The fate of the Hobbits is, I think, adequately explained in The Lord of the Rings in the section of the prologue entitled Concerning Hobbits:
Quote:
Even in ancient days they were, as a rule, shy of 'the Big Folk', as they call us, and now they avoid us with dismay and are becoming hard to find. ... They possessed from the first the art of disappearing swiftly and silently, when large folk whom they do not wish to meet come blundering by; and this art they have developed until to men it may seem magical.
Nothing happened to the Hobbits, they simply do not wish to be seen because we are too big and clumsy. In the early legends, the remaining Elves faded and their stature diminished as Men grew larger, so that they become what we would call 'fairies'. The Ents would naturally have died out eventually, since they could not reproduce; I don't know what Tolkien's intentions were for Dwarves and Orcs, but it must be remembered that this is just a story.

As for Tolkien's mythology developing into the modern world, this is supposed to have happened gradually over time. The Elves were supposed to have left for the West long before Anglo-Saxon times (c. 550-1066 a.d.), so that a gulf of millennia is supposed to separate the current age of the world from the events of The Lord of the Rings. This is clever because we have very scant historical records of England before and after the Roman occupation, in fact up until the conversion of the Anglo-Saxons to Christianity and the resultant rise in literacy. The legends of King Arthur date from the turbulent years immediately after the Roman departure in 411 a.d. and this (or the period before the invasions of Julius and Claudius Caesar) is a perfect place in which to set fictional history simply because there is a lot of blank space to fill in the historical record during that period. If we spread our net still further back in time there are hundreds of thousands of years intervening between the first evidence of modern man and the first written records: recorded history is a tiny fraction of the story of mankind. When we examine the extent to which Europe has changed since the Roman empire it becomes easy to see how Tolkien's world could have developed into modern Europe, even though we know that it didn't.

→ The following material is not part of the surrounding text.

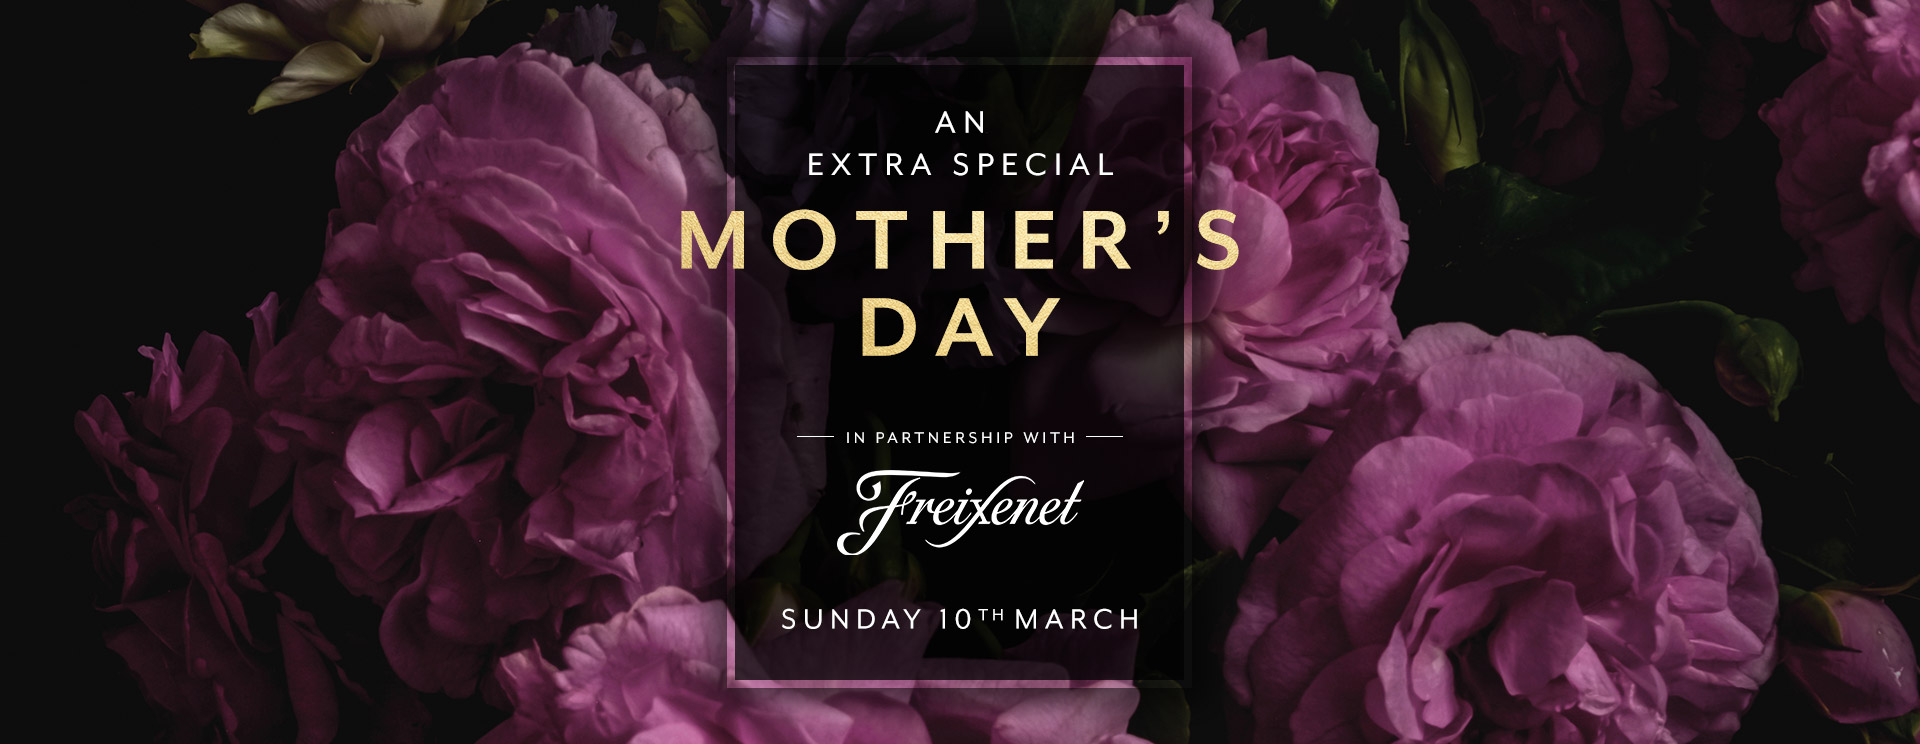 Mother’s Day menu/meal in London

That being said, Tolkien's stories are legends, not a history. The myths of Middle-earth would (were they natural rather than artificial legends) bear the same relation to modern England as the mythology of ancient Hellas bears to modern Greece. Also it must be remembered that the creation of a 'mythology for England' was only the starting point of Tolkien's legends. His work eventually grew beyond any such boundaries.

[ March 30, 2003: Message edited by: The Squatter of Amon Rûdh ]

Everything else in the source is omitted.